From little things, big things grow

I have written here in the past about the satisfaction Hanno and I feel by being independent. For us, independence means that we're able to look after ourselves well, choose what we'll do with our time every day, and if there was a disaster here and we were cut off from the shops, or water, or electricity, we'd happily stay afloat for months before we'd need assistance. But we also know that to remain independent in the long term, we need to be a part of an inclusive and supportive community. No matter how smart and capable you are, there will always be a time you need help and will have to rely on others to get you through. If you're part of a supportive community you're more likely to maintain your independence, albeit within the framework of interdependence.

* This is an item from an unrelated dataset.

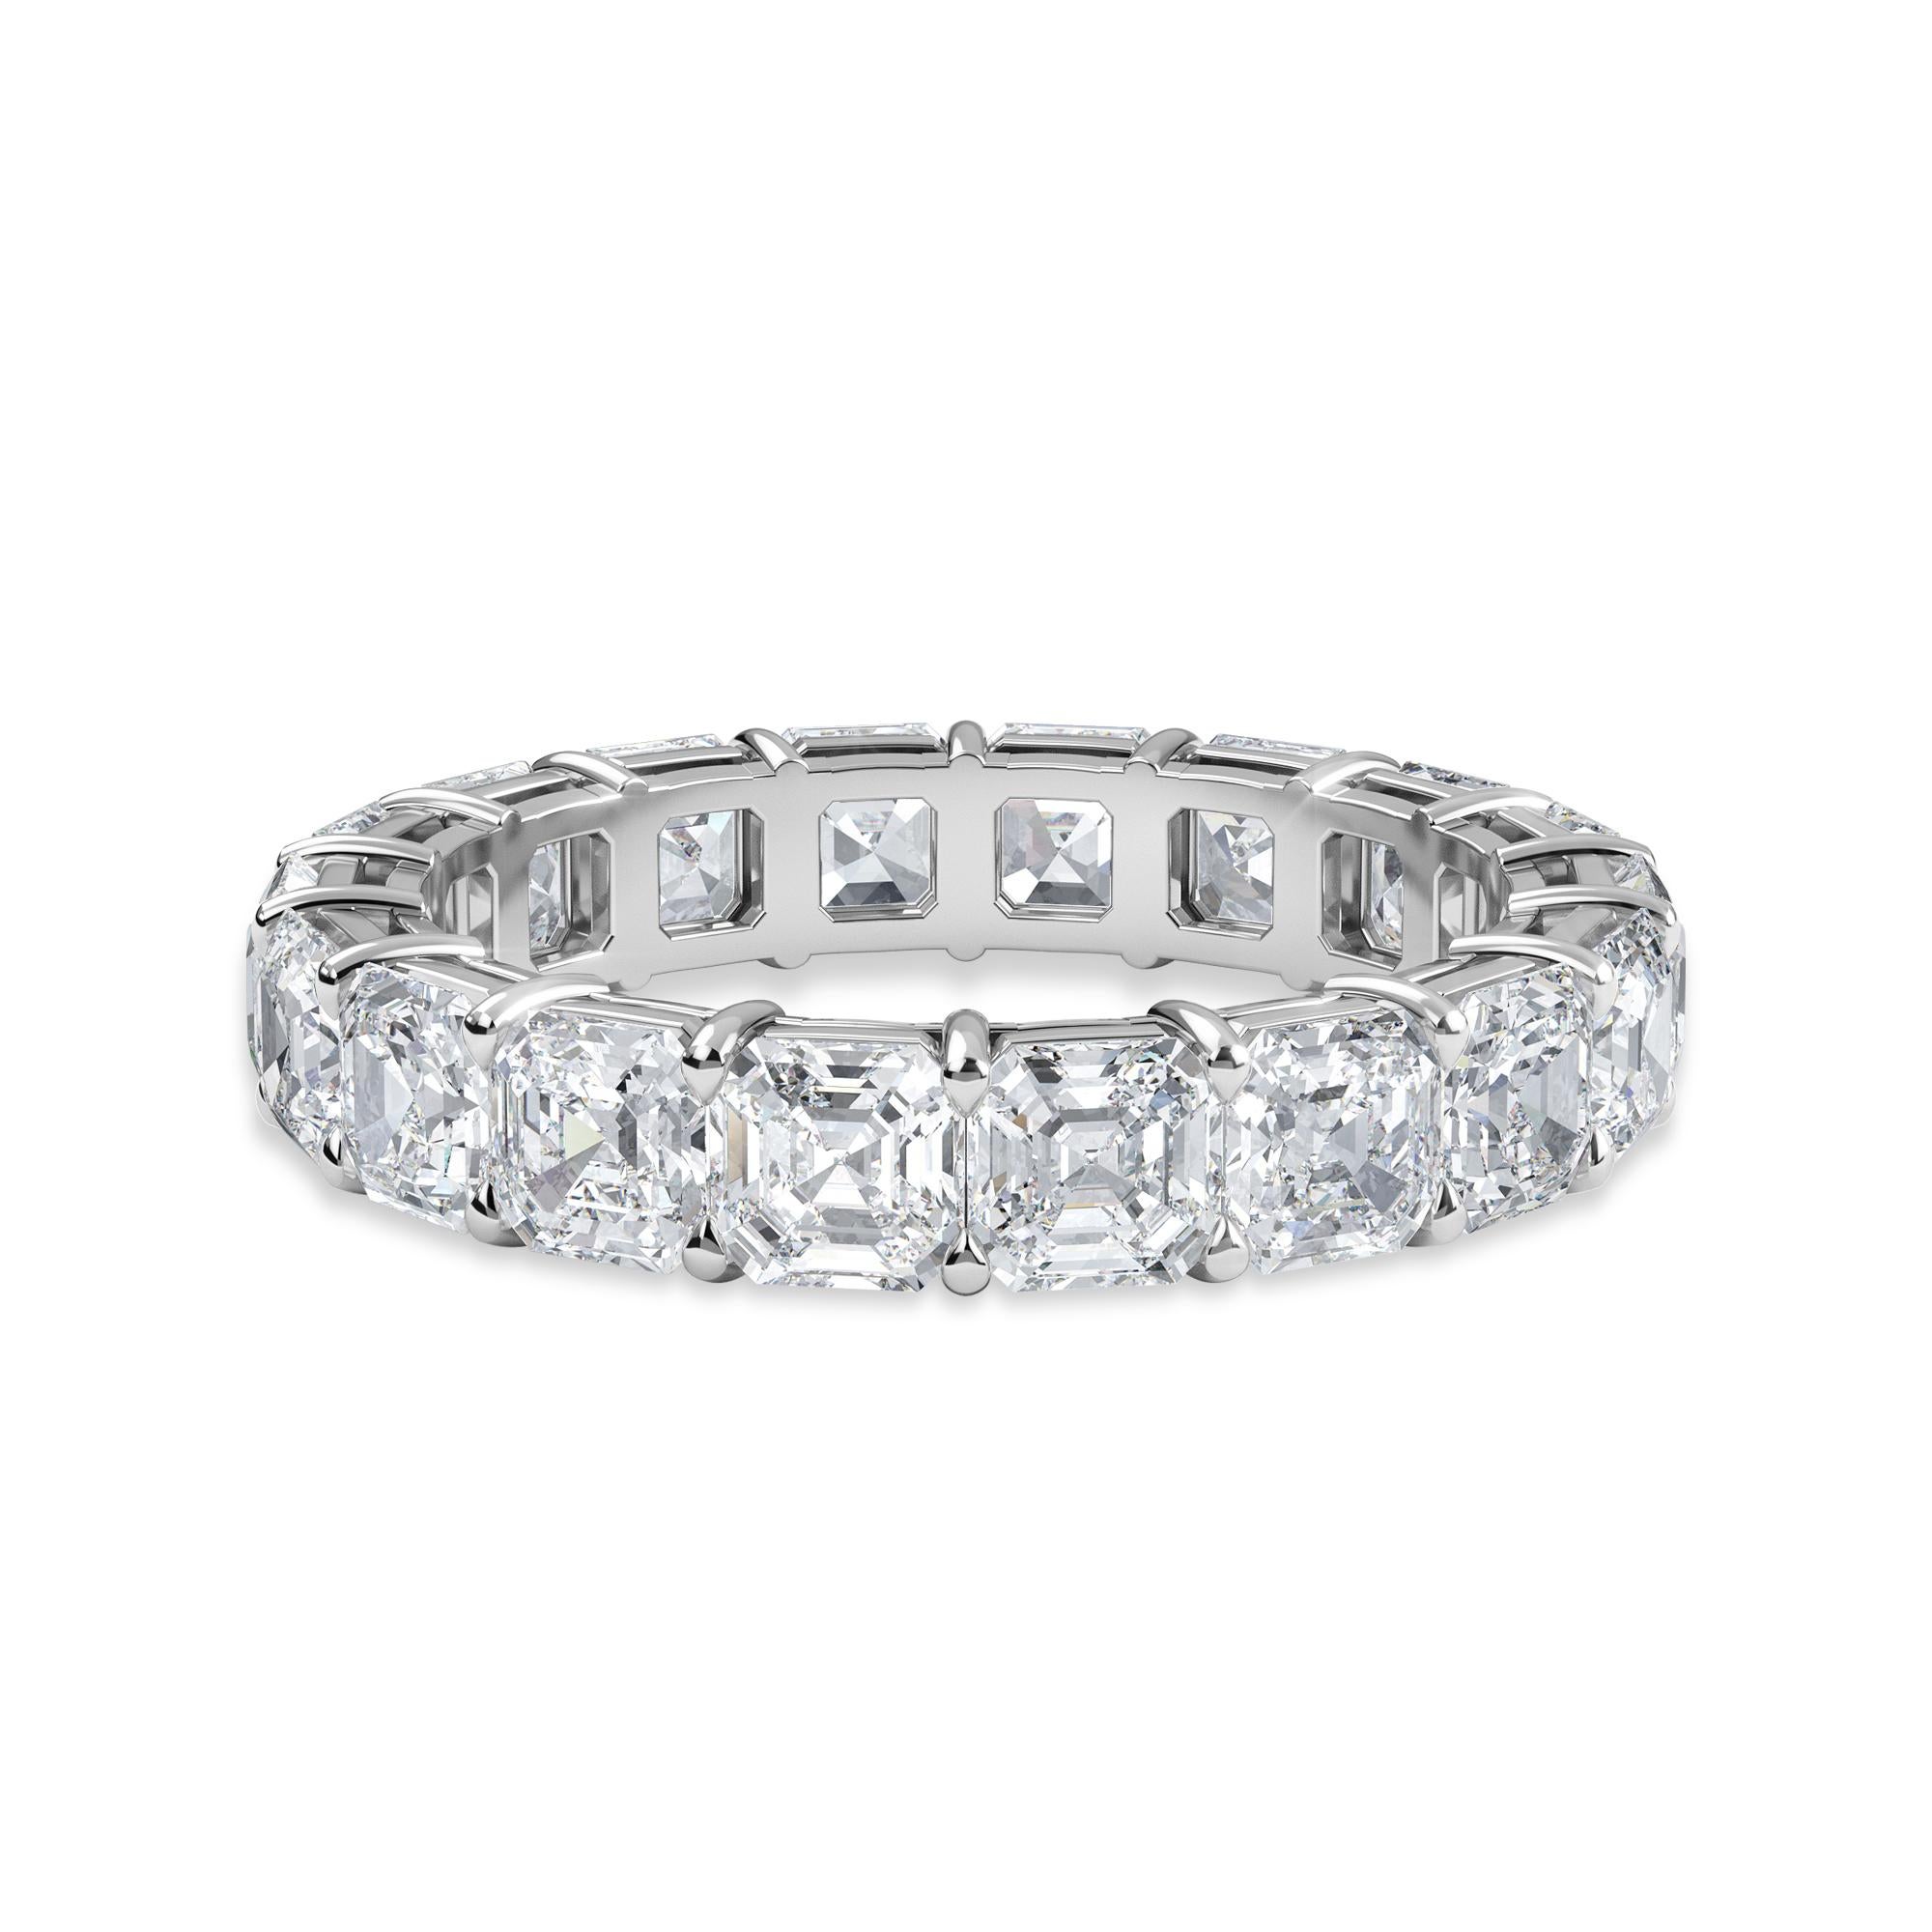 Dieses Asscher-Diamantenband für die Ewigkeit hat 18 Asscher-Diamanten mit einem Gesamtkaratgewicht von 5,50.
Die Diamanten sind F Farbe VS Klarheit. Der Ring hat die Fingergröße 6,25 und ist in Platin gefasst.

There is another important element here to consider as well. No one can do everything. There are very few of us who could learn every skill, have access to all the raw ingredients, give the time to making everything from scratch and still have time for the sweet enjoyment this way of living brings. So there will be common sense trade offs along the way. You don't know how to make soap? Fine, barter good soap from a local trader and trade something you have that s/he needs. You don't have the land to grow a garden? Not a problem, barter your knitting, sewing, car maintenance, lawn mowing, jam making, sour dough services to a local vegetable gardener who doesn't have your skills. Need eggs but your local government authority doesn't allow you to keep chickens? Who cares, trade the honey from your bees, your homemade soap or laundry liquid for eggs. There are any number of trades you could come up with, or you could buy what you need from local people and help keep you local economy strong and robust.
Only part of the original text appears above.